Prices have found some footing over the last two sessions after withstanding heavy selling pressure over the past week due to concerns over the spread of the Delta variant.  The potential that a US infrastructure bill could finally be passed supported prices yesterday and lead to some short covering.  The DOE report this morning held no major surprises, but prices managed to follow through to the upside after its release aided by some early signs that the virus spread may be plateauing in some regions.

The DOE report showed crude inventories declining by .4 mb, less than expectations for a draw of 1.3.  Gasoline stocks were near estimates with a 1.4 mb decline, while distillates increased 1.8 mb in a reversal of expectations for a .5 draw.  Cushing stocks continued to creep lower, down .3 to 34.6 mb.  Refinery utilization jumped up to 91.8 percent from 91.3 last week, while total stocks were indicated down by .1 mb.  Total disappearance for all products supplied was off 1.7 mb at 19.5, with gasoline disappearance down .3 to 9.4 mb/d and a small increase in distillate demand of .1 mb to 3.7 mb.

The strength to Chinese demand will be key in determining valuations in the month ahead given they are the world’s number one importer of crude oil.  The concerns over the viral spread have overshadow the rise in geopolitical tensions in the Middle East and the impasse in negotiations on Iranian sanctions, which have been drawn out more than originally expected. Subsequently OPEC+ might be the key equalizer at a time when the uncertain economic environment remains a prime consideration. Without coordinated support, further weakness toward the 60.00 area could develop.

Natural Gas

The market probed down to an intraday low at 3.979 before recovering during the day session to settle 3 cents lower at 4.059.  A small drop in demand expectations due to cooler weather revisions initiated the selling, aided by production working back above 92 bcf/d over the past few sessions.  The projected path of Tropical Storm Fred into the Eastern Gulf may have also brought out some selling interest as lessons from last year show that these storms have become more likely to be bearish to the market due to their potential effects on coastal LNG facilities, tanker traffic, and demand.  With potentially the hottest week of the summer upon us, the market has been unable to trade higher in large part due to a recent spike in wind generation along with the previously mentioned issues.  The 4.00 area basis September continues to offer significant support as the market has been unable to settle below that level.  With overseas LNG prices continuing to move higher and signs of a bounce back in US exports, a test of the 4.40 area into the second half of the month is possible if the warm weather expectations can be maintained.  

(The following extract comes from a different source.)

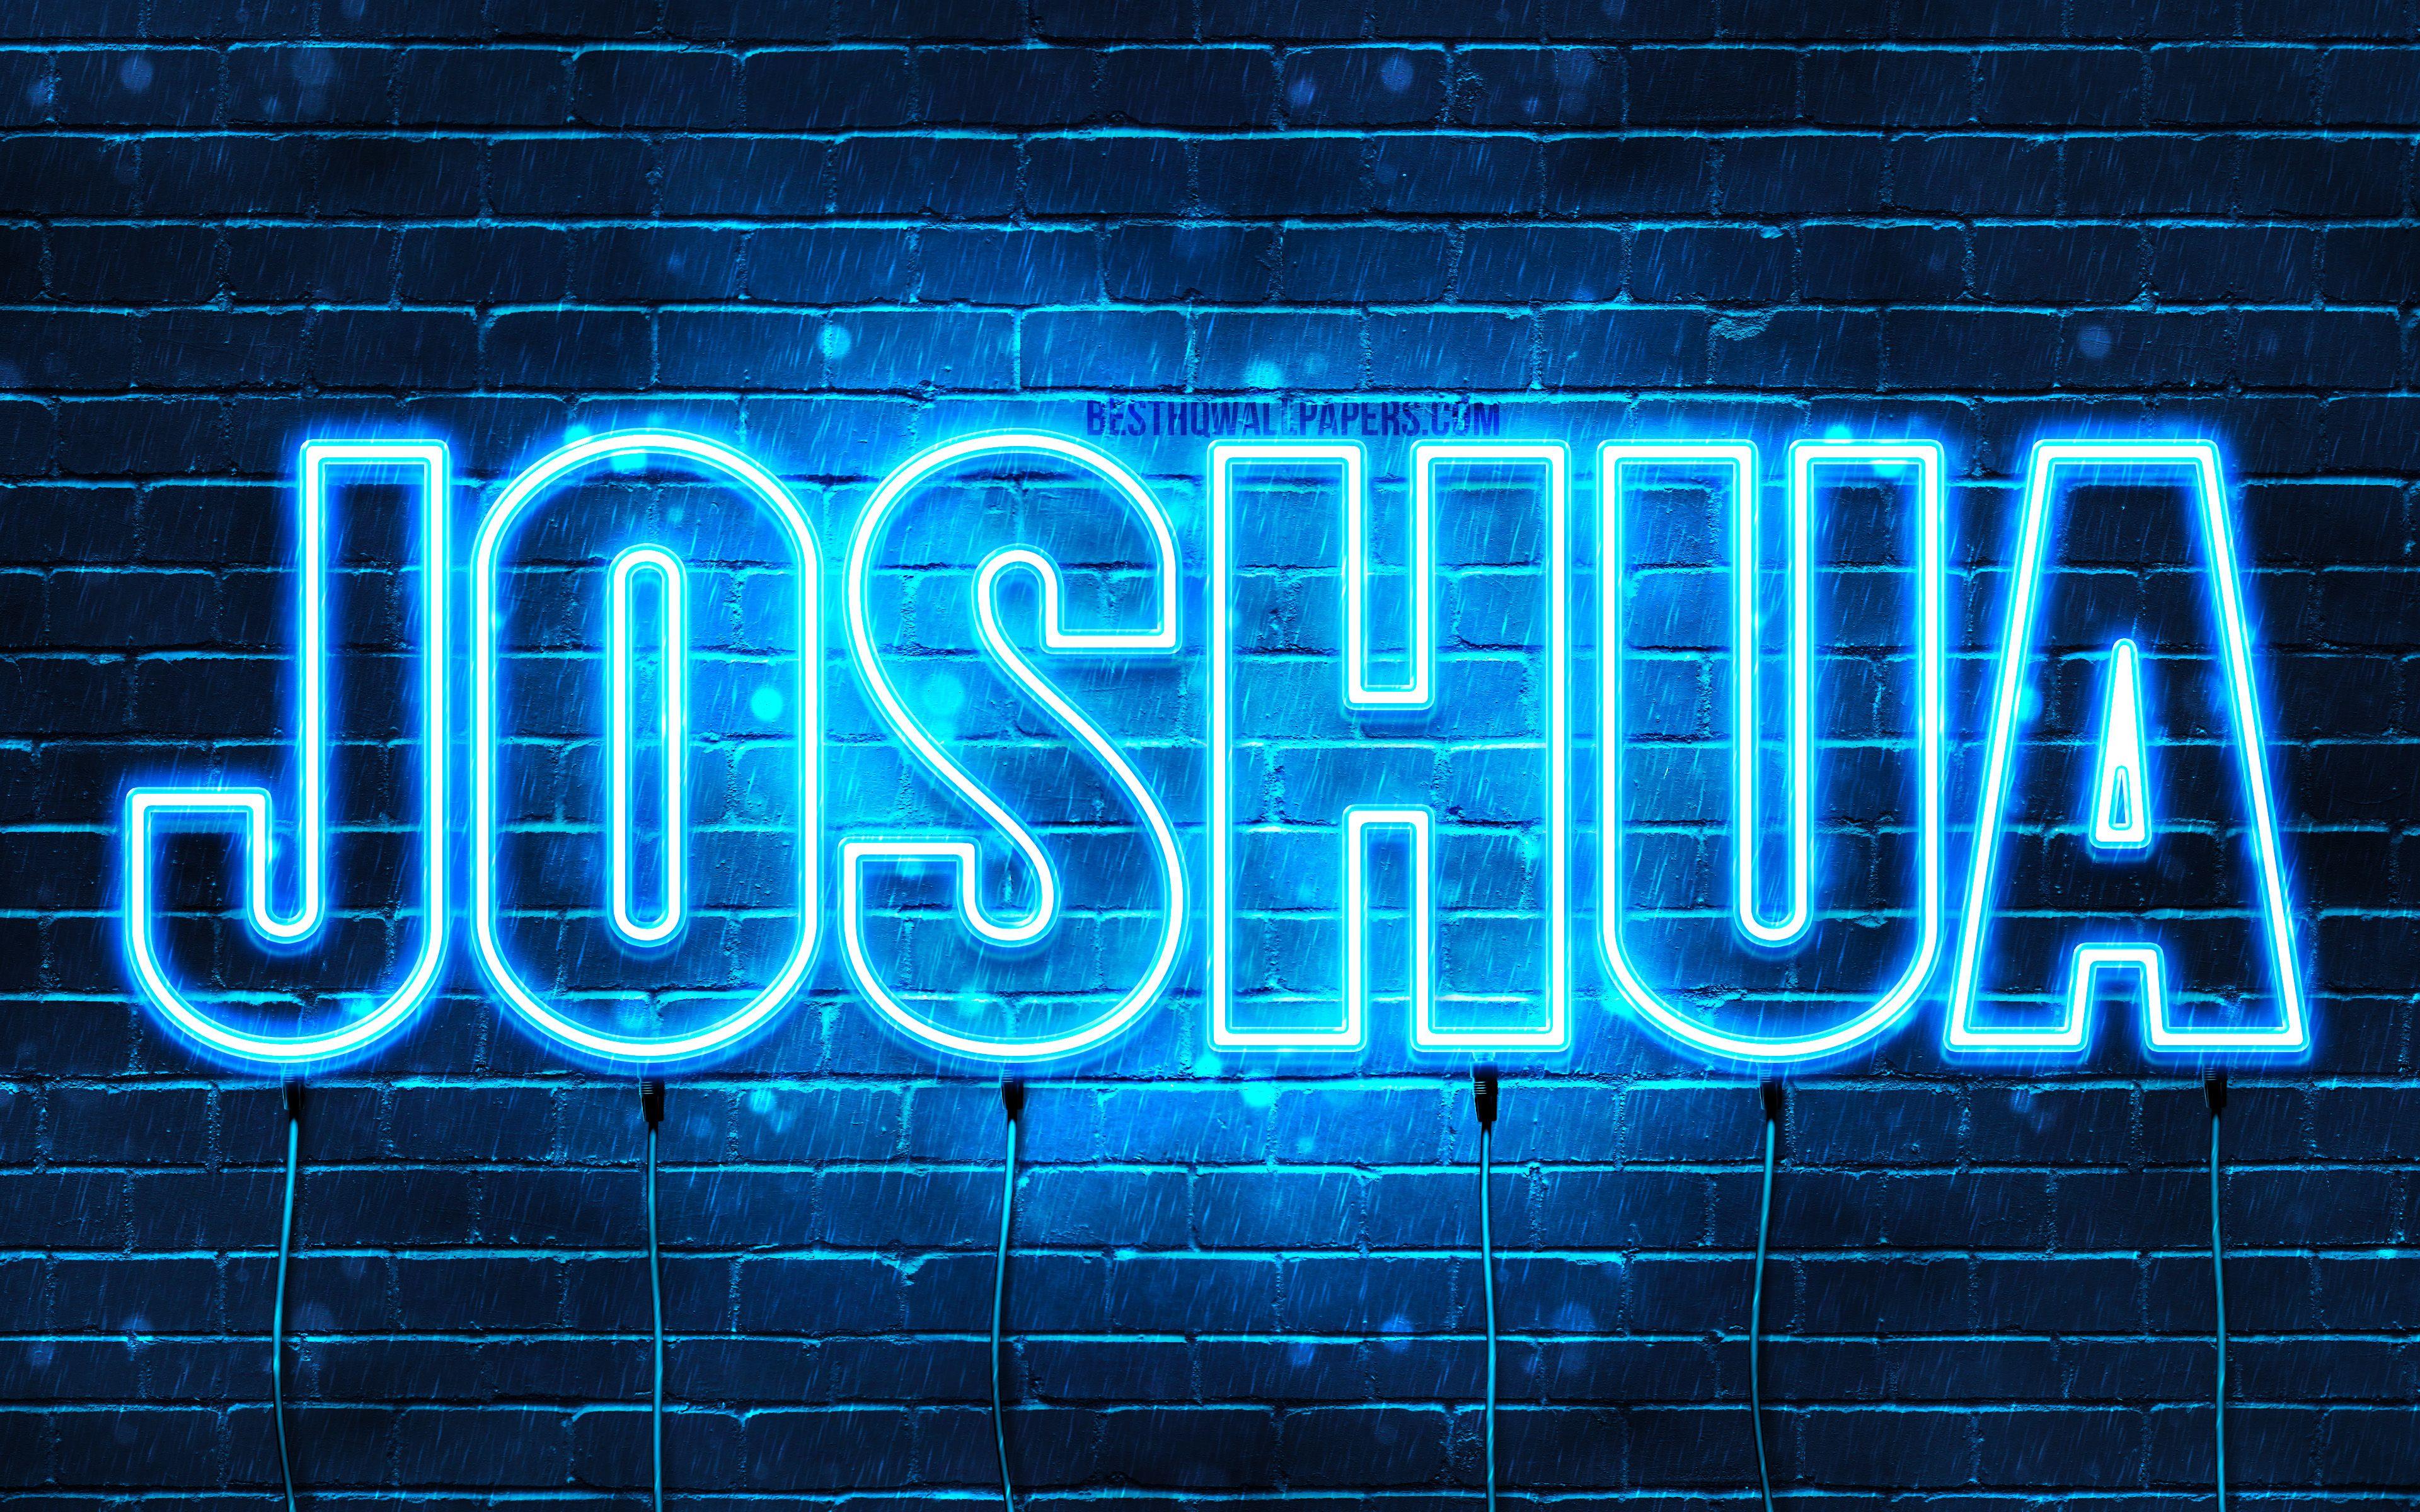 Joshua Name Wallpapers - Top Những Hình Ảnh Đẹp

Charts Courtesy of DTN Prophet X, EIA, Reuters

 

The authors of this piece do currently maintain positions in the commodities mentioned within this report.

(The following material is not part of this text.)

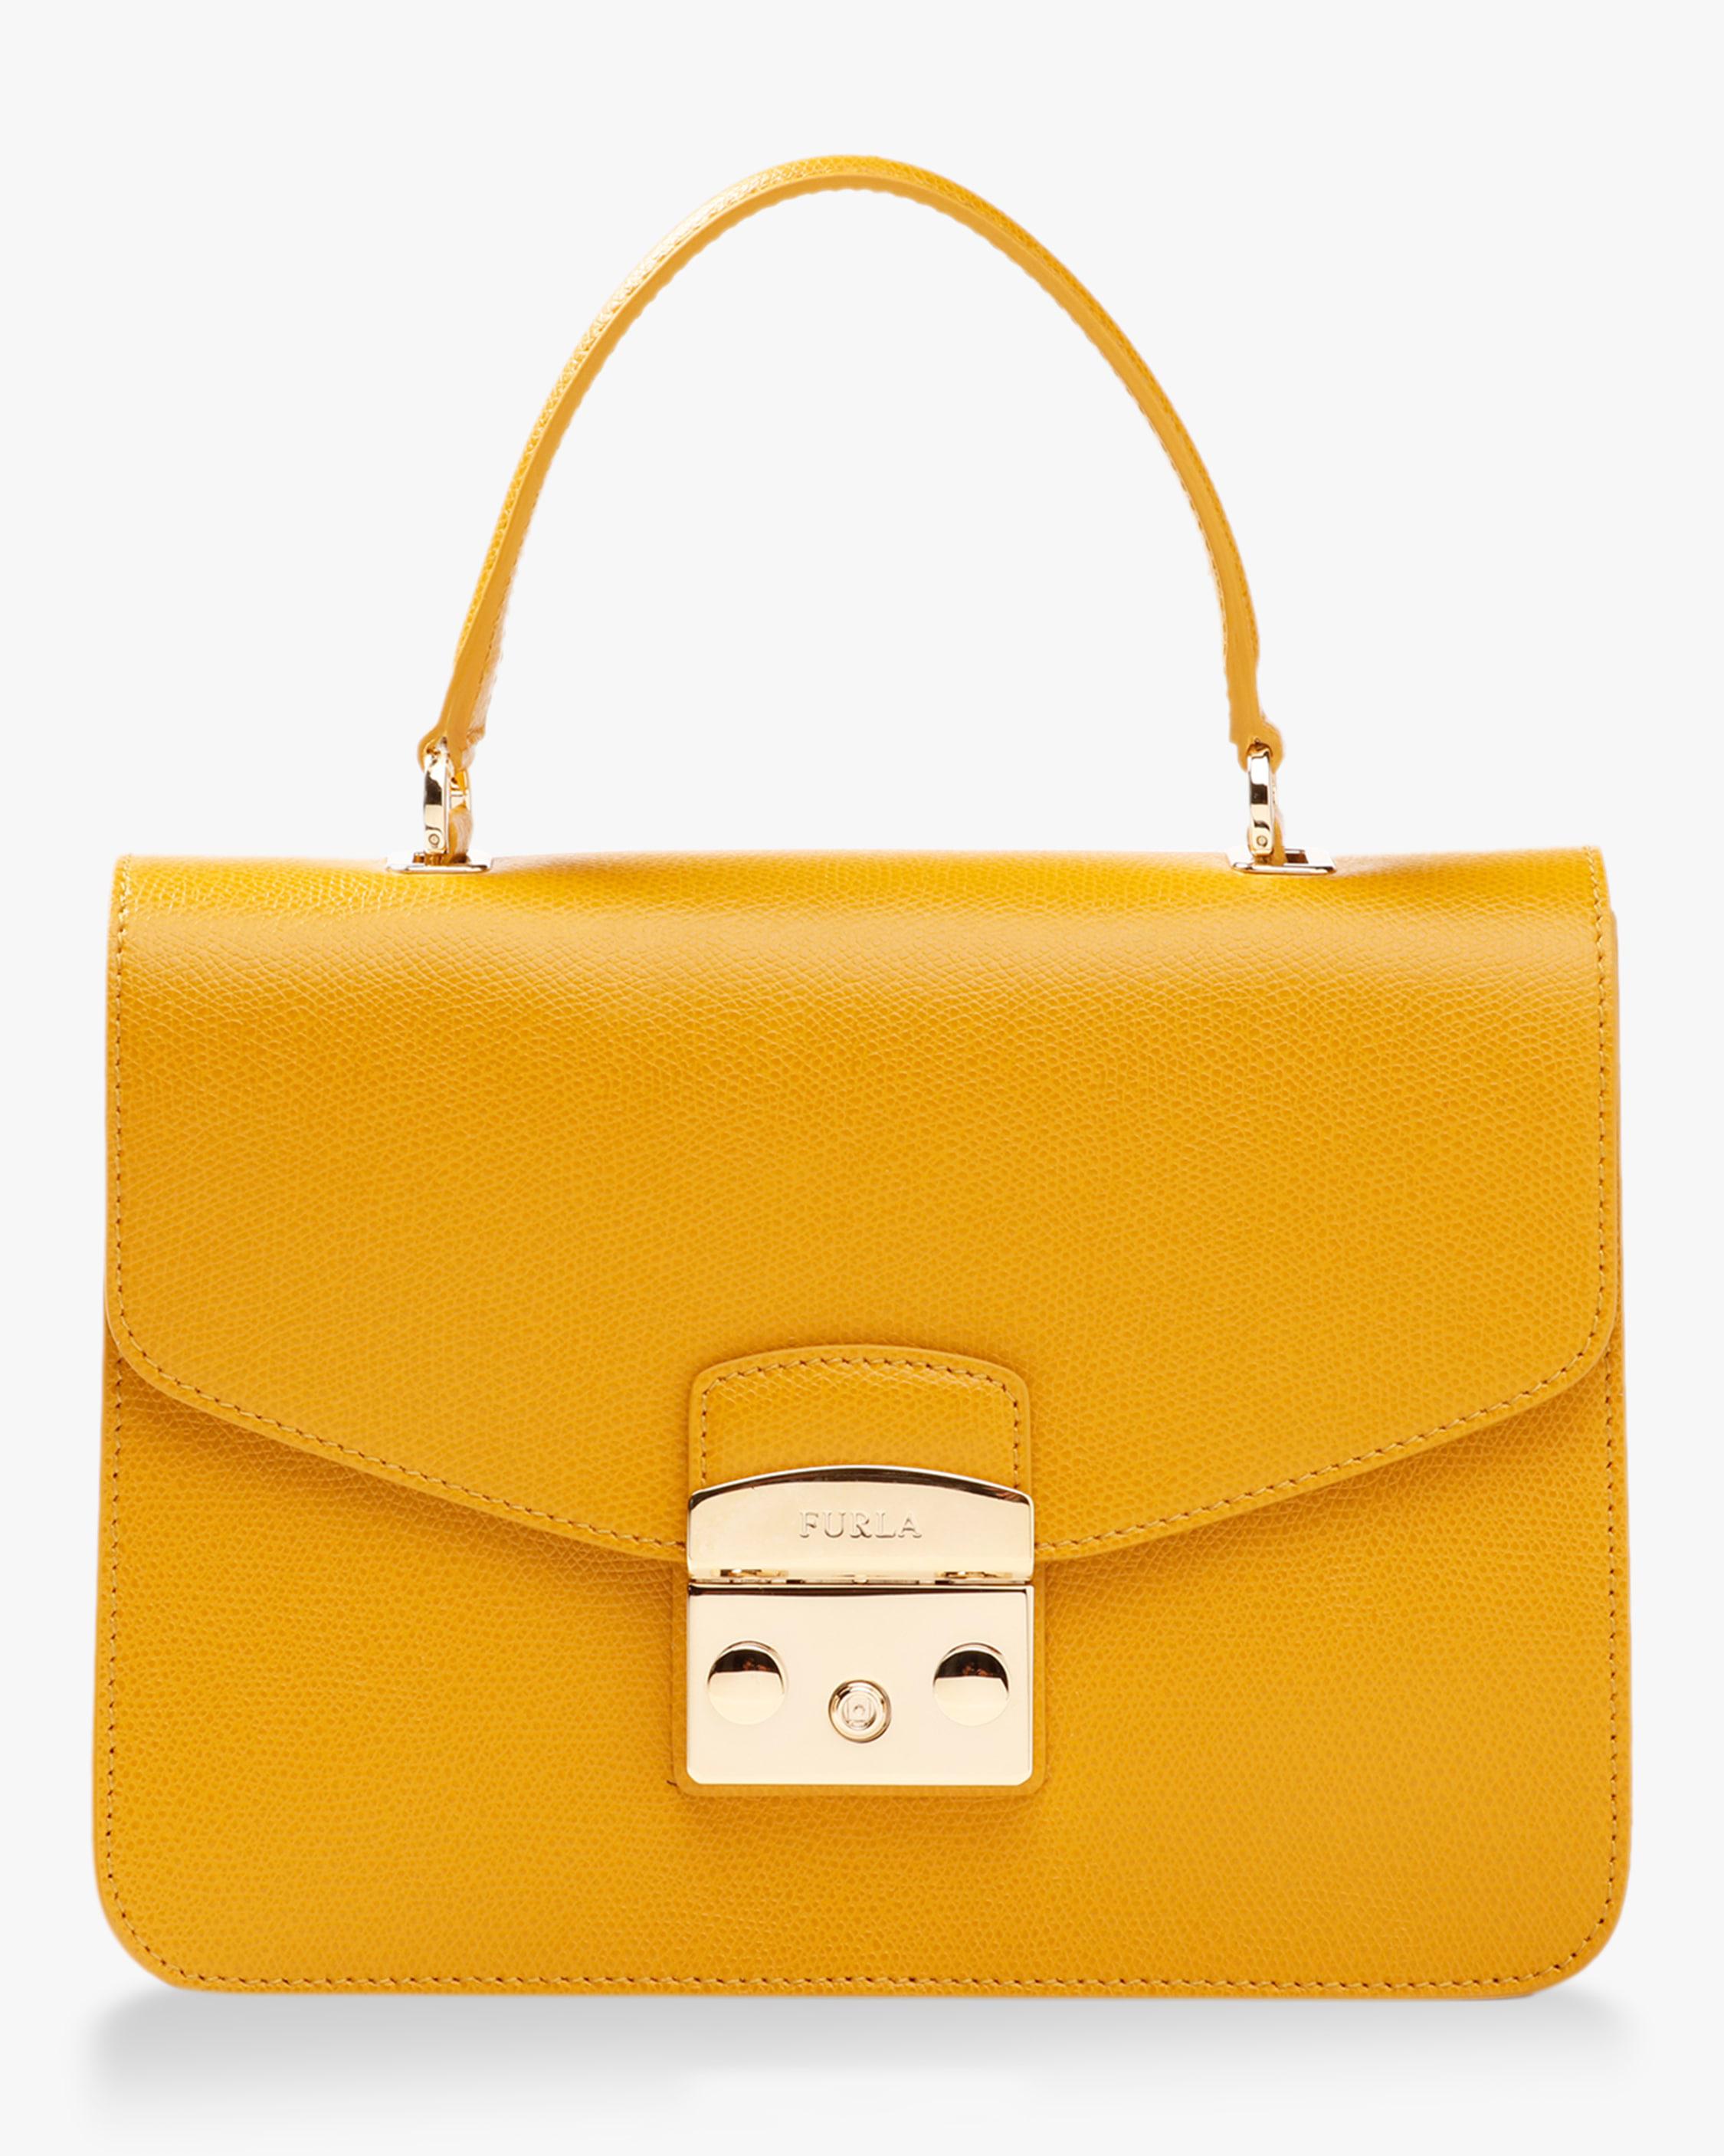 Lyst - Furla Metropolis S Top Handle Bag in Yellow

Futures and options trading involve significant risk of loss and may not be suitable for everyone.  Therefore, carefully consider whether such trading is suitable for you in light of your financial condition.  The information and comments contained herein is provided by ADMIS and in no way should be construed to be information provided by ADM.  The author of this report did not have a financial interest in any of the contracts discussed in this report at the time the report was prepared.  The information provided is designed to assist in your analysis and evaluation of the futures and options markets.  However, any decisions you may make to buy, sell or hold a futures or options position on such research are entirely your own and not in any way deemed to be endorsed by or attributed to ADMIS. Copyright ADM Investor Services, Inc.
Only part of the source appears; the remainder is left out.